In the present case, while Haegert's comments and behavior might be characterized by some as inappropriate, vis-à-vis a co-worker, the complained of comments and behavior in this one incident do not constitute actionable sexual harassment in the form of hostile work environment. McMullan acknowledged that she did not tell Haegert that prior chin-chucking was unwelcome, and she never told him to stop engaging in that conduct with her. Instead, McMullan claimed that Haegert should have known that his conduct was unwelcome because of the look on her face, or her stony silence. Haegert had been put on notice by the University that he was not to use terms of endearment with his female students, and was not to hug or touch female students. However, prior to the University's investigation of McMullan's formal complaint, Haegert had not been put on notice that McMullan found his conduct to be offensive and unwelcome. The University, therefore, did not establish by clear and convincing evidence that Haegert had committed sexual harassment in the form of hostile work environment.

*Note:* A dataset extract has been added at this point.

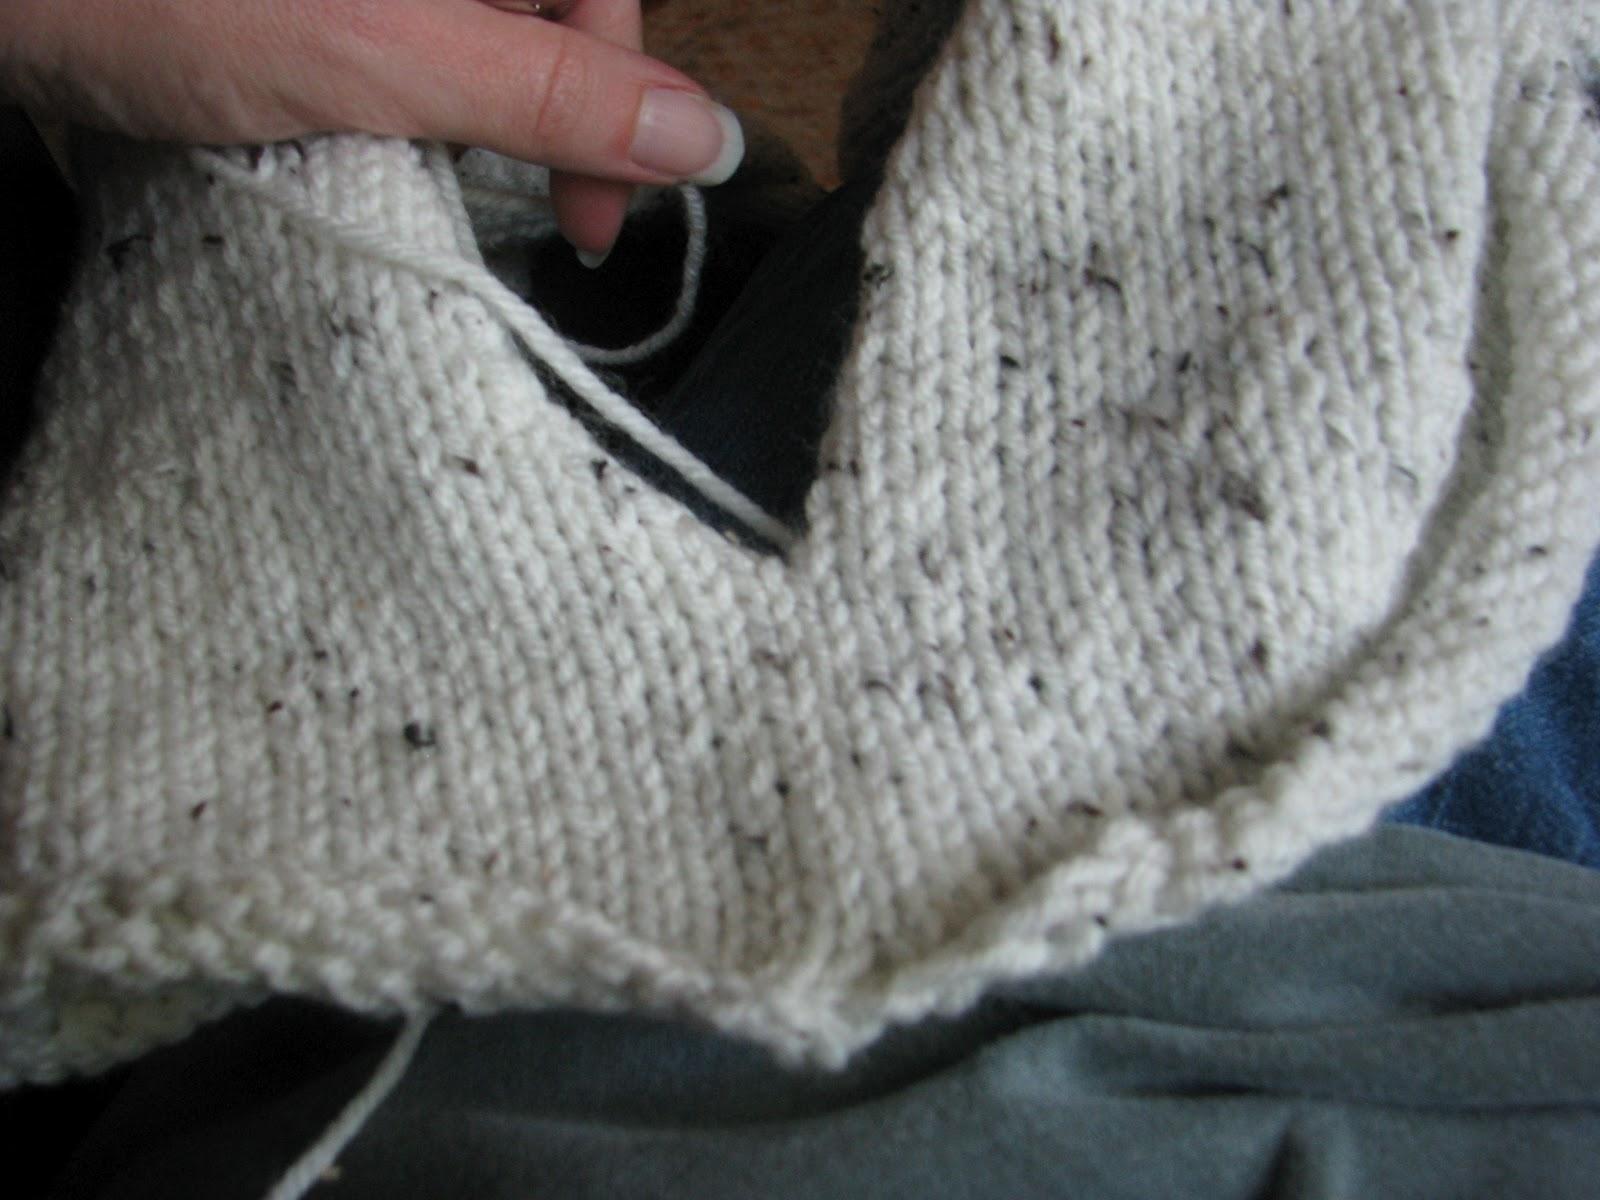 Knitting Stitches Joining Seams : Three Strands Together: Seaming the Mary Maxim Aran Tweed Kimono

Judge Vaidik dissented from this conclusion. She noted that while the "zero-tolerance policy" acknowledged that courts recognize two kinds of sexual harassment (
quid pro quo and hostile work environment), the contract also provided specific examples of sexual harassment, which included "unwanted touching, flirting, fondling, hugging, patting, pinching, or leering." Because the contract "governs both the substance and procedures for any sexual harassment claim occurring at the University and the contract "gave examples of sexual harassment which include this very situation," Judge Vaidik felt that the University did not breach its contract with Haegert when terminating his employment.
The majority's decision appears to assume that the law governing legal claims of sexual harassment should inform the interpretation of a employment contract that prohibits sexual harassment. The dissent disagrees with this assumption, but does not provide much analysis supporting this disagreement. Lawyers who are writing sexual harassment policies need to be aware of this decision, as it may affect how an employer enforces those policies.It will be interesting to see whether the assumptions of the members of this panel are fleshed out either on transfer or in future opinions.